Monday, March 26, 2012

The weed everyone's asking about

Four times in the last week, people have asked me to identify a particular weed. By the third time, I knew the answer before seeing the plant. So, I figured I would share the plant here, because there are certainly others who are wondering about this little botanical invader and maybe this post will help.

When today's email, with photos, came in, I decided I had better make a few images of the offending plant of my own. So I waltzed on out the door of my office building and into this slightly weedy flowerbed twenty feet away.

Within seconds, I had found examples of the weed du jour: hairy bittercress, Cardamine hirsuta. It's not a big thing - the little basal rosette of leaves isn't even as big around as your palm, and the flowering stems only rise six inches or so. While not on the size scale of kudzu or bush honeysuckle, hairy bittercress can be prolific and sometimes dominates yards and gardens. Thus, it becomes offensive to those who wish a manicured landscape.

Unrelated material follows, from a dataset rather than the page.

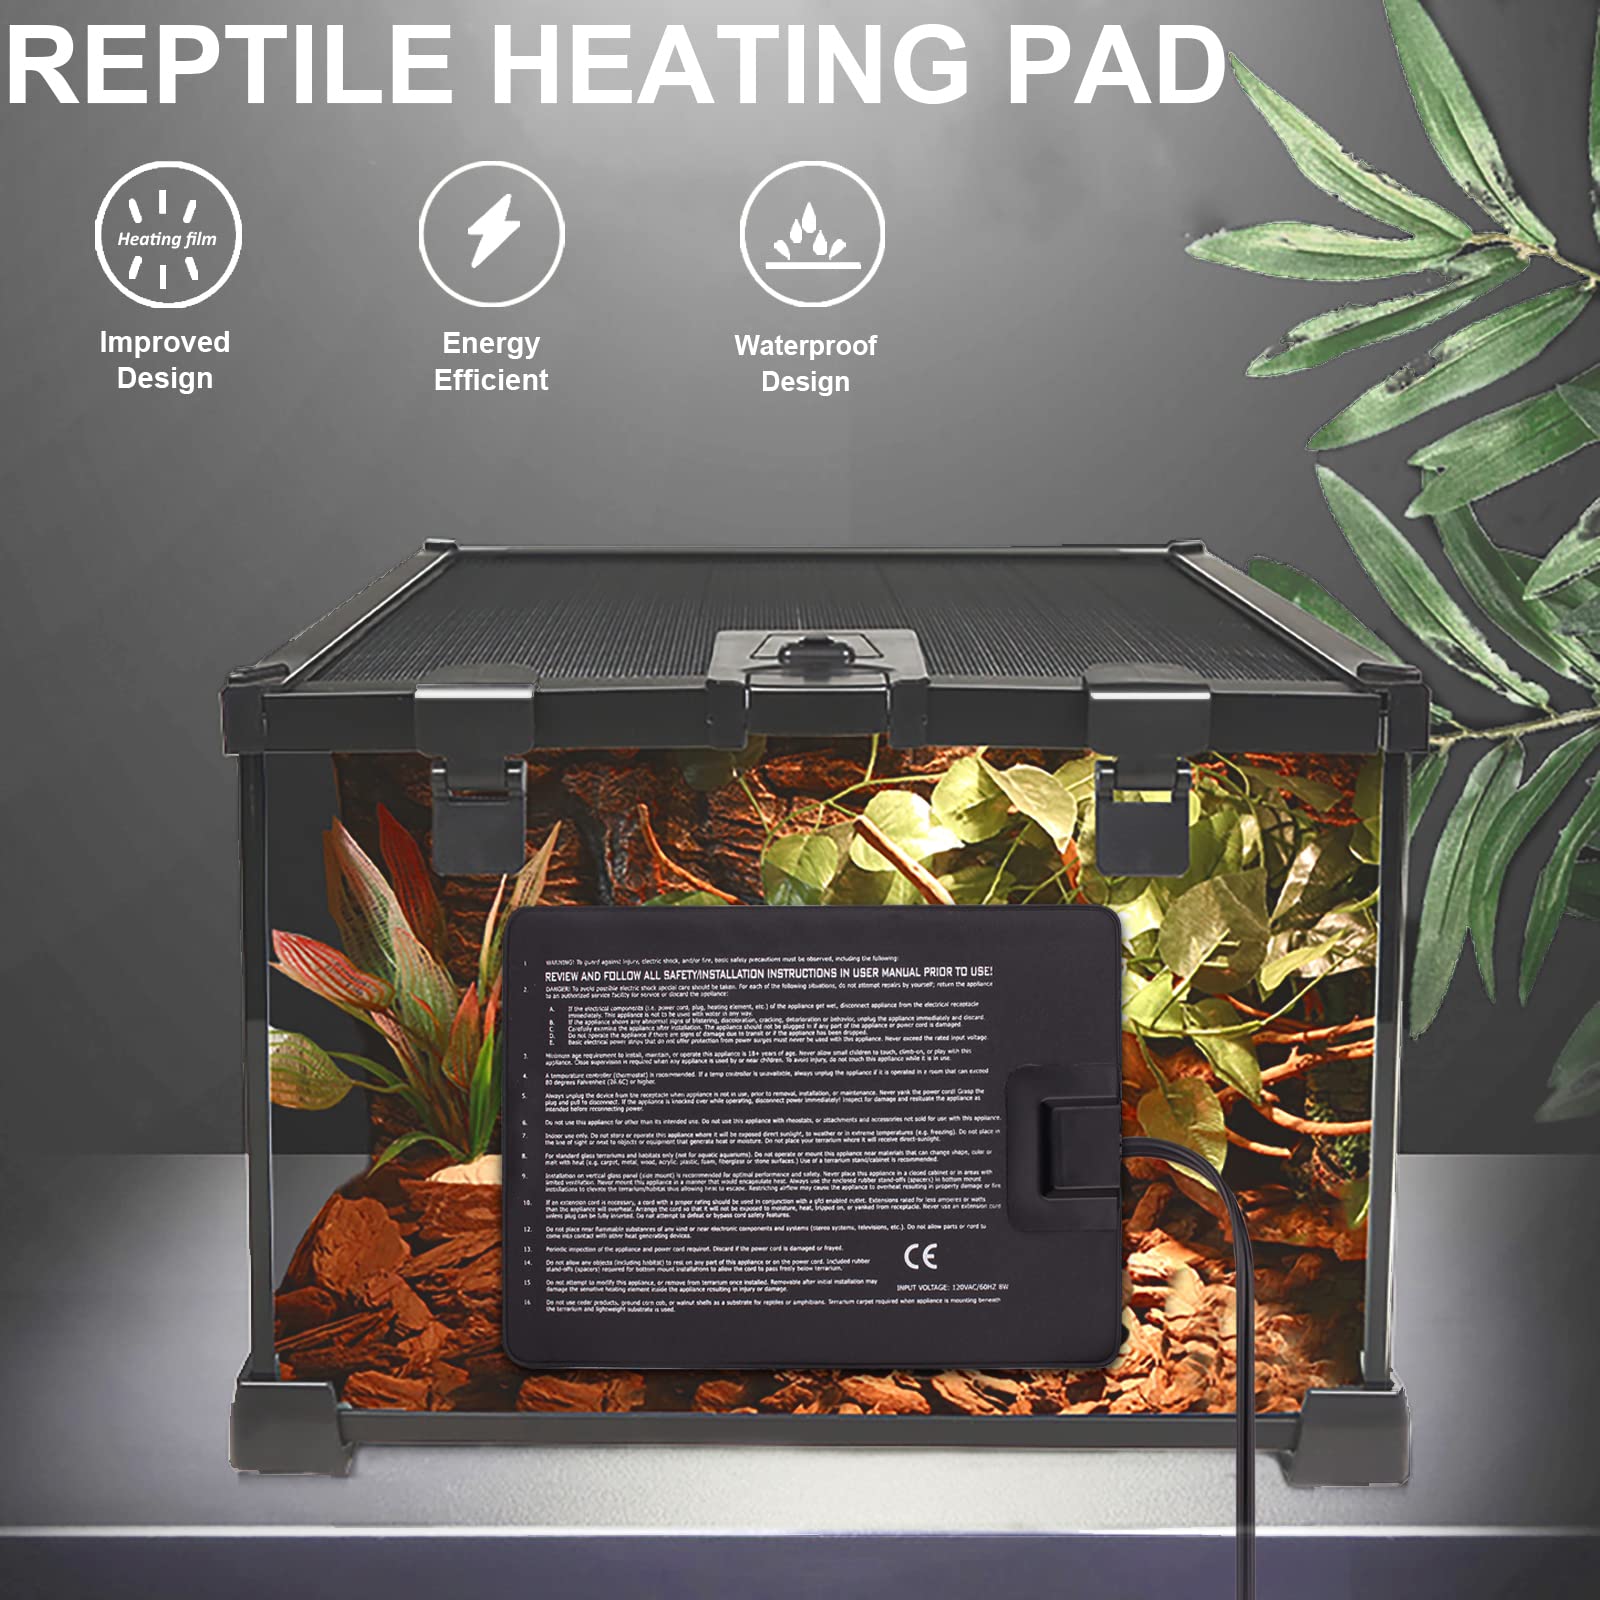 Aiicioo Reptile Heating Pad - Hermit Crab Heater Heat Mat for Reptiles Snake Lizard Terrarium 8 Watt

Hairy bittercress is a member of the mustard family (Brassicaceae), and some of the mustards are quite adept at being weedy. Indeed, members of this family may be among the first plants to jump the garden fence and establish themselves as weeds back in the Old World. This plant, like so many others in our nonnative weed flora, are of Eurasian origin, and have long been adapted to landscapes highly disturbed by people. When hairy bittercress and others of its ilk made their way to the New World, they found a ready niche in our disturbed habitats - like your yard, or flowerbed.

This species is a winter annual, and those little rosettes of leaves are often evident from late fall on through the winter. This growth habit enables the plants to pop forth early in the spring, and burst into flower and fruit with vigor before most other plants have reached the reproductive stage.

Tiny white flowers are borne at the summit of stems that support only a few cauline (stem) leaves. The leaves are pinnately dissected, meaning the leaf is divided into smaller segments that branch from either side.

This is a typical hairy bittercress flowering stem, showing flowers and fruit at the summit, and two cauline leaves adorning a largely naked stem. Close inspection would reveal scattered hairs on the leaves, especially around their bases, which helps distinguish this species from one or two similar but non-invasive species.

The tubular pods that project nearly straight upwards are the fruit, which are termed siliques in mustard-speak. Hairy bittercress is a prolific fruiter, and each silique contains many tiny seeds. One plant can carpet bomb its immediate environment with its embryonic spawn. These seeds seem to have a high rate of fertility, thus a few plants can quickly turn into many.

Hairy bittercress has been around ever since I began botanical field work around 1990. But it surely has become much more abundant since then. The first Franklin County, Ohio collection dates to 1898, but back then it would have been a seldom-seen oddity. By 1991, the mustard had been collected in at least 29 Ohio counties, but definitely was scarcer than today, and I'm confident that it is easily found now in all 88 of our counties. No one collected this plant in Michigan until 1976, but I'm sure it isn't hard to find up there now.

Why is hairy bittercress becoming so prolific? In a word, nurseries. Many of the first collections in the "wild" come from greenhouses and nurseries, where hairy bittercress would pop up as a weed. Such a growing environment sets the stage for an eventual massive escape. The tiny, prolific seeds easily adhere to feet, digging implements, and anything else they come into contact with. Thus, the soil that nursery stock is planted and transported in eventually becomes infested with hairy bittercress seed.

As localized infestations become more severe, the plants are more easily spread, not only in the local yardscape but also to new sites. Before long a giant mustardish snowball is rolling downhill and out of control, casting seeds far and wide. And now, we are at the point where there is such a proliferation of hairy bittercress that nearly everyone notices the plants.

Fortunately, because of their diminutive stature and propensity for growing in open, already highly disturbed environments, Cardamine hirsuta does not cause much harm to most natural areas. That's not to say that it can't; infestation of a habitat SUCH AS THIS could be very bad for some of our highly specialized native mustards.

I'm afraid hairy bittercress will be the bane of many a gardener for some time to come.

4 comments:

Trendle Ellwood said...

Thank you once again Jim! I was just getting ready to look this plant up in my wildflower guide. Two different people have asked me about it too, it seems to often be confused with chickweed.

zippiknits...sometimes said...

We haven't seen this one ... yet. I hope we don't.

We keep a weedy garden through the time that bird migrations are over for Spring. So I am always scouting out the weed patch.

Chris and Ricky said...

Thank you!! Our gardens are full of this weed! I have never seen so much of it, but at least now I know what to call it.

Jared said...

AWESOME. Just yesterday I wondered what all those weeds were, and came home from work to see that my dad have picked tons of the stuff from our landscaping. Now I know what it is! My book refers to it as "hoary bittercress" but a quick google revealed both to be accepted. Neat!